- **TRY IT**: Only the lines from the one that contains "Black Limo on" through the end of the entries, both included, should be transcribed, exactly and without pictures.

- **PROVIDED RECORDS**:

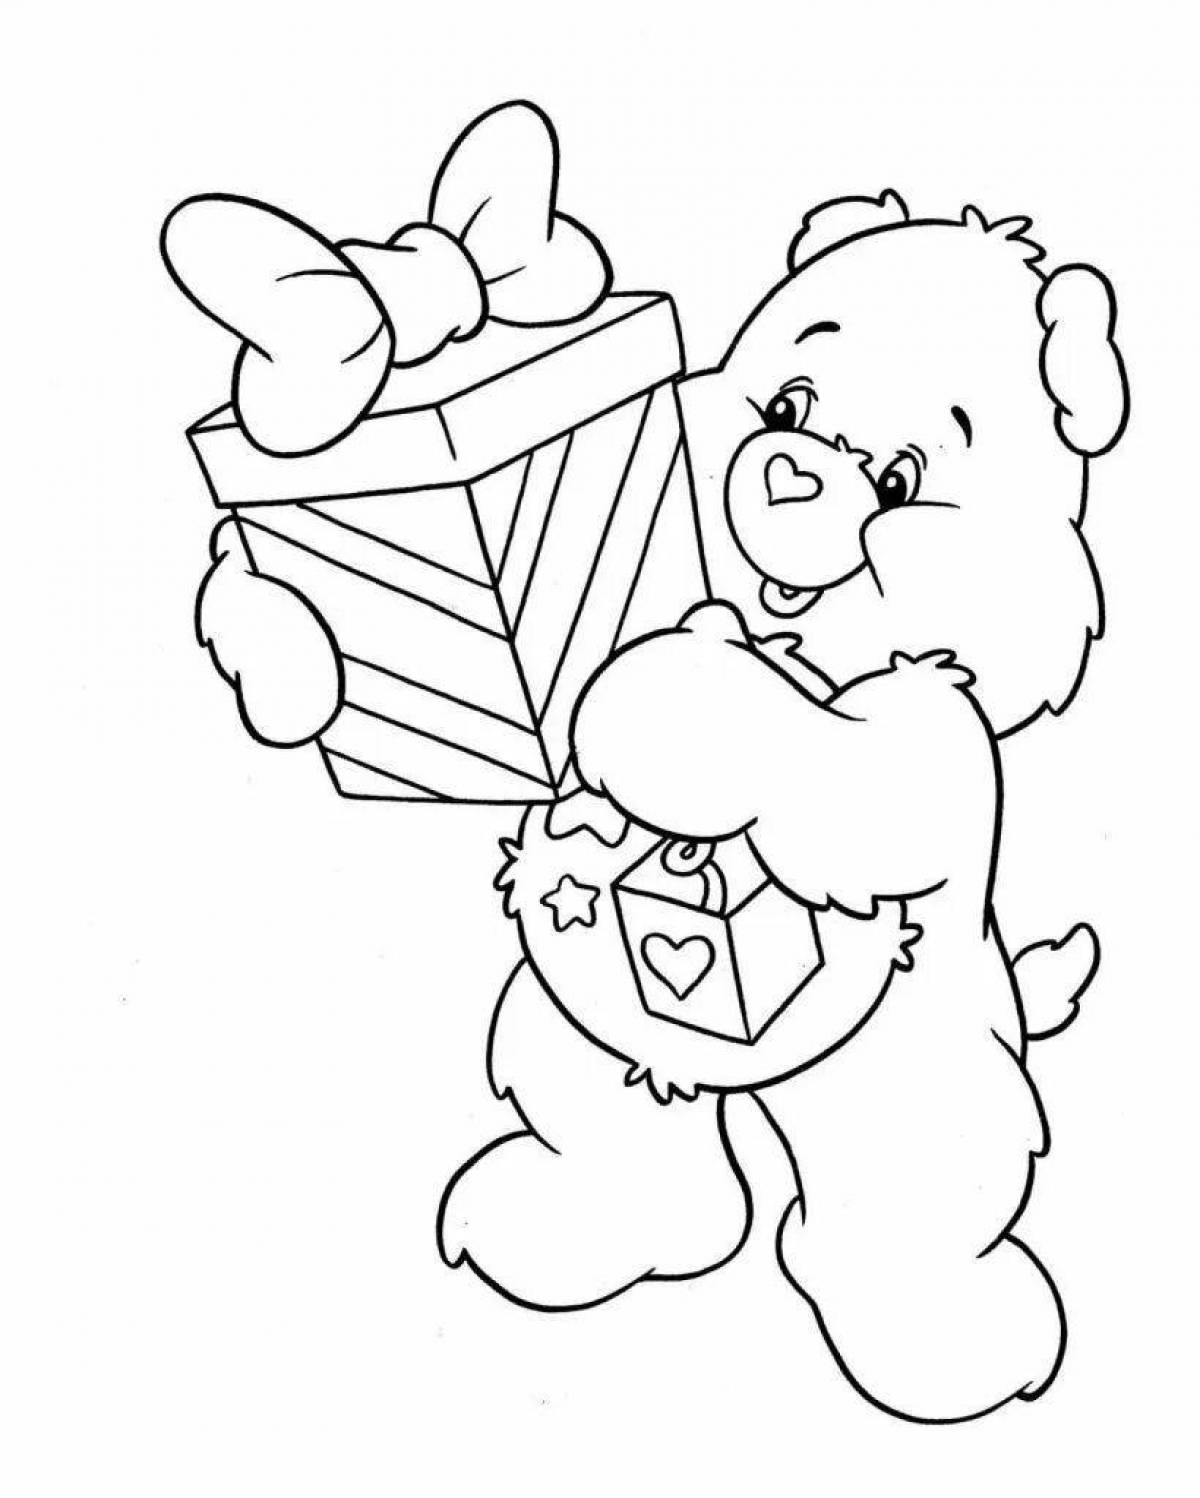 Coloring lively what the bear loves
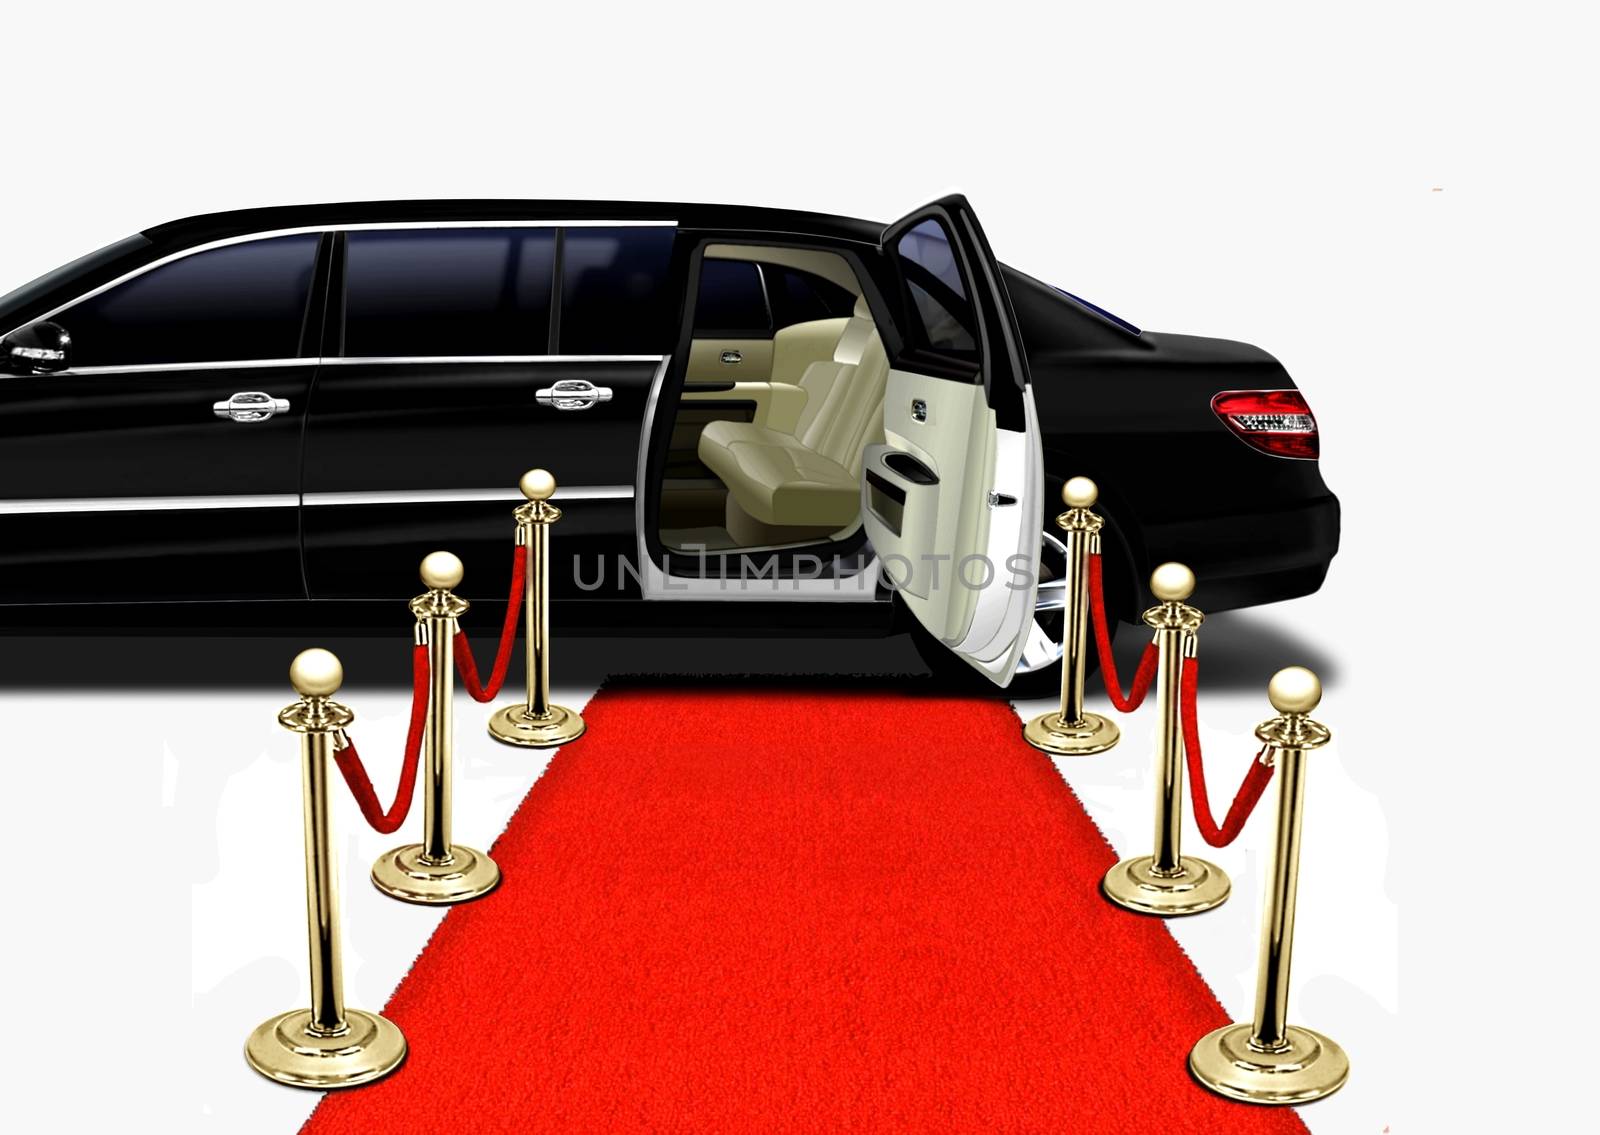 Black Limo on Red Carpet Arrival by razihusin
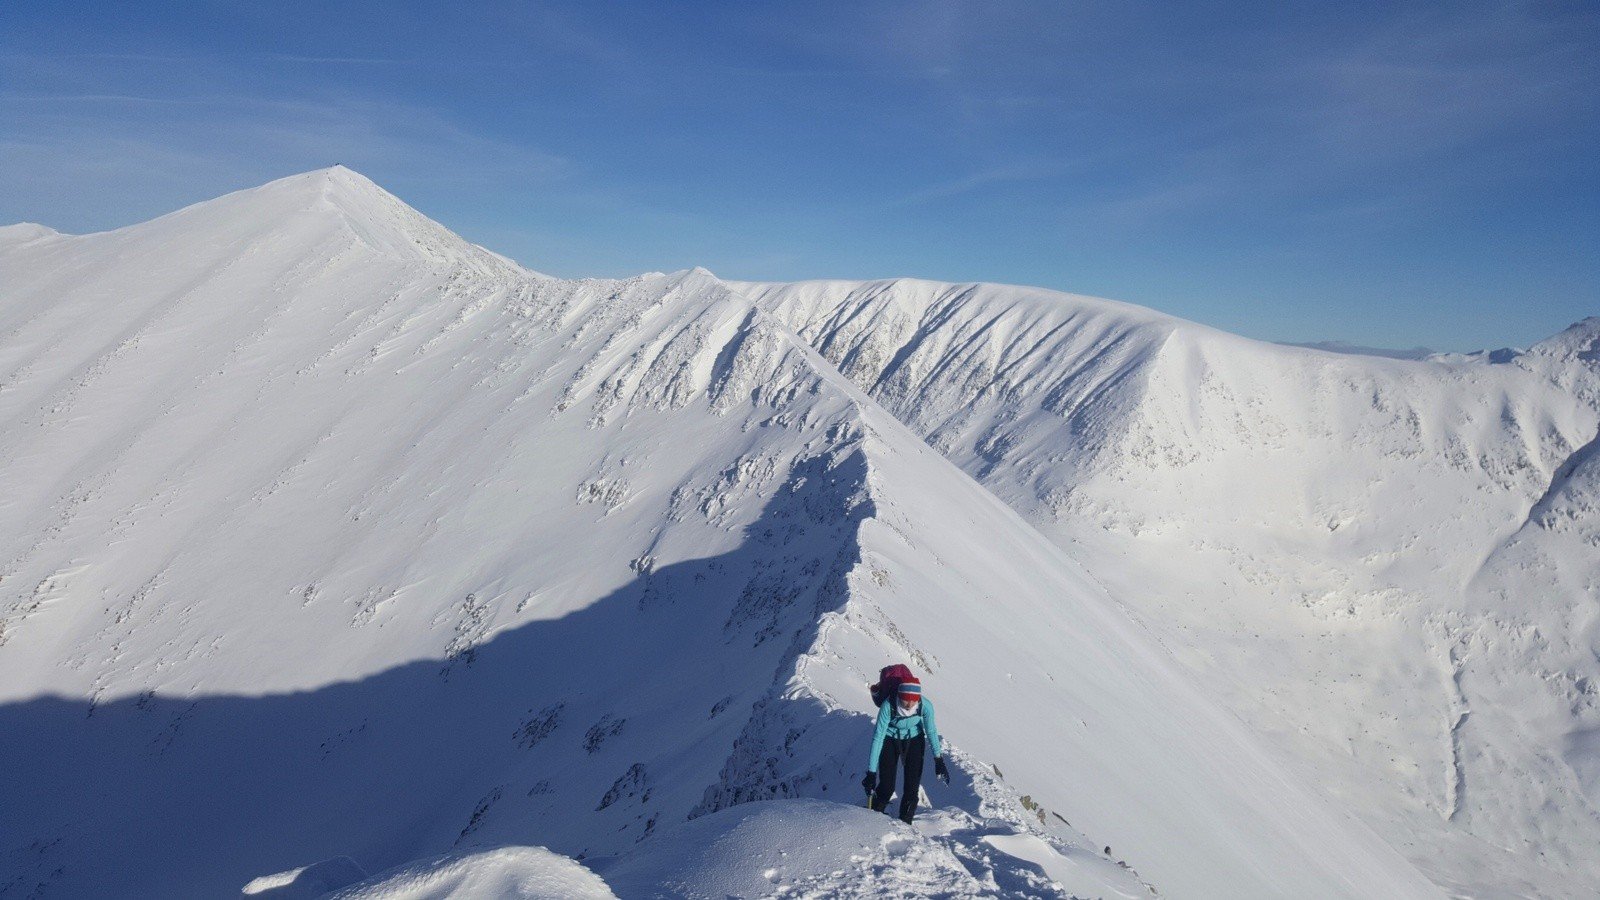 Climbing Ben Nevis on the CMD route in winter. This is the highest mountain in the UK.
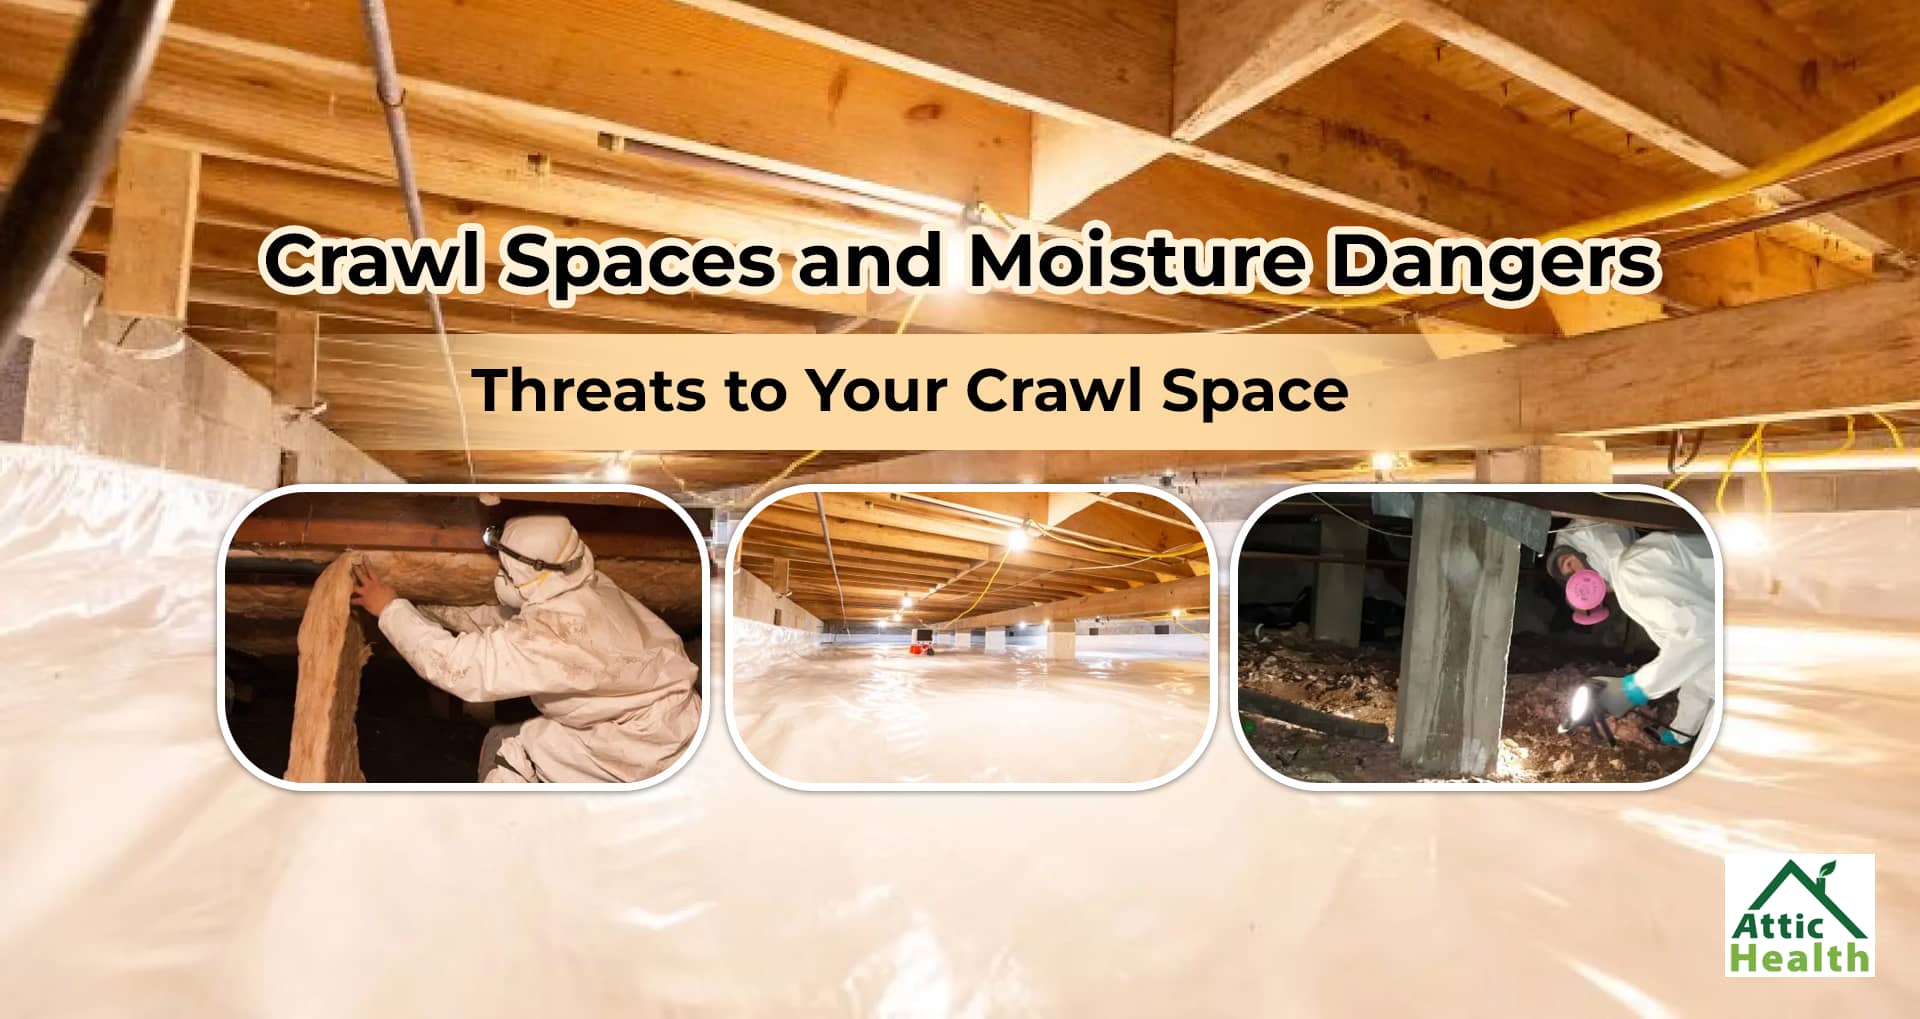 How to remove crawl space moisture in 3 stages seen in the image. Attic Health professionals are available to quickly respond to issues with professional equipment and knowledge of best moisture removal practices. 
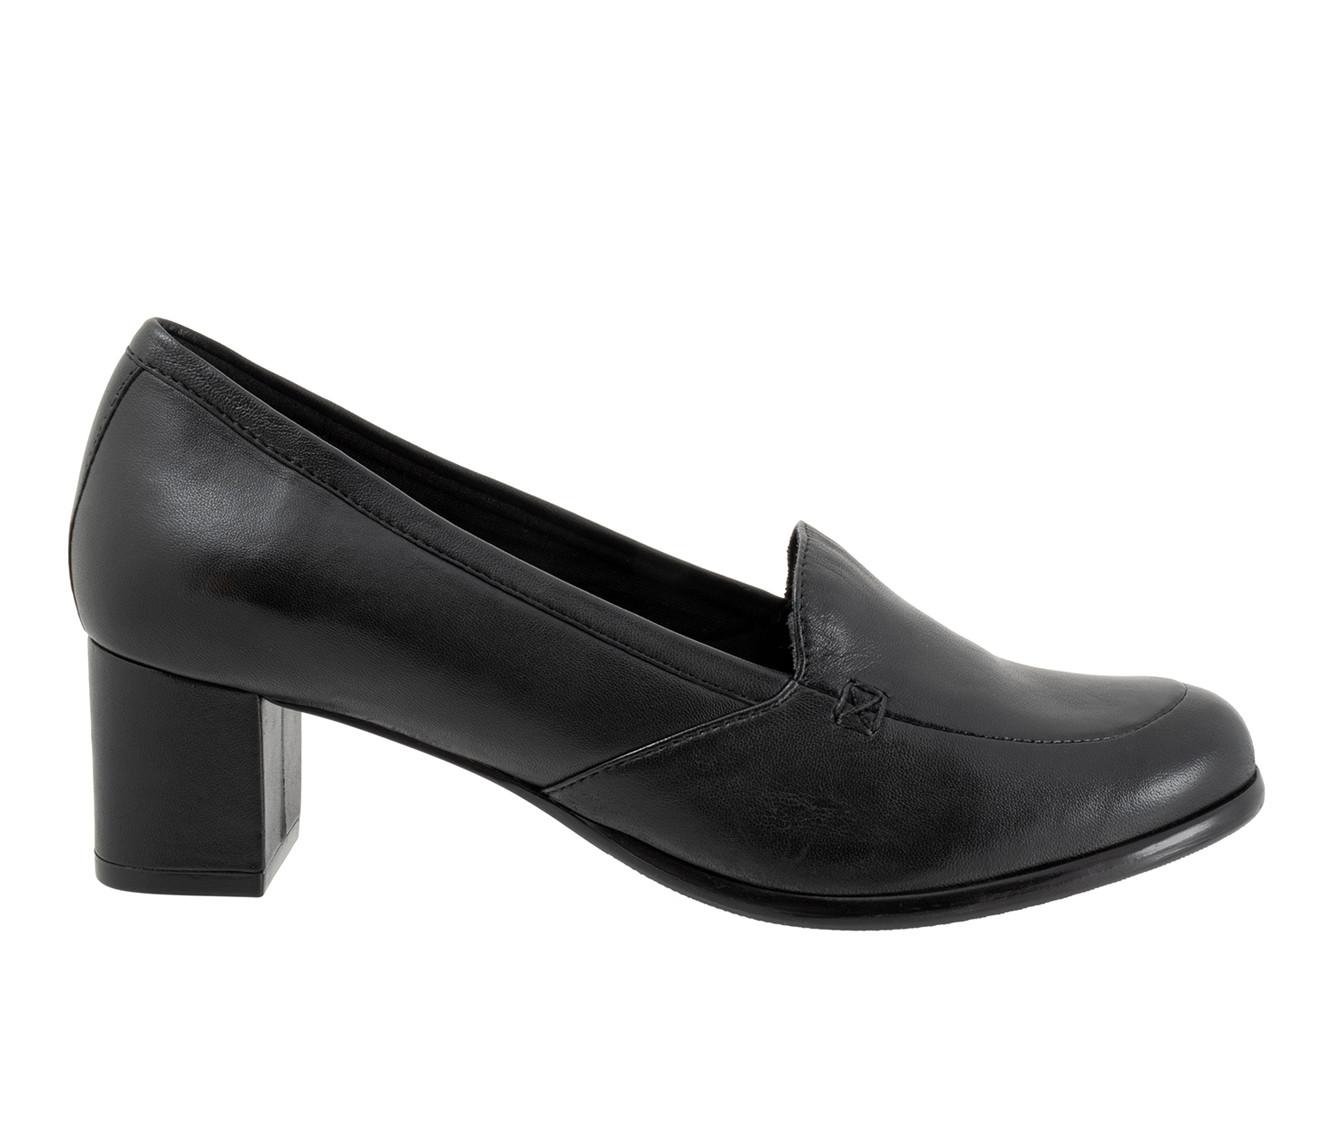 Women's Trotters Cassidy Pumps

- **RESPONSE BOX**:
 Black Limo on Red Carpet Arrival by razihusin
 Climbing Ben Nevis on the CMD route in winter. This is the highest mountain in the UK.
 How to remove crawl space moisture in 3 stages seen in the image. Attic Health professionals are available to quickly respond to issues with professional equipment and knowledge of best moisture removal practices. 
 Women's Trotters Cassidy Pumps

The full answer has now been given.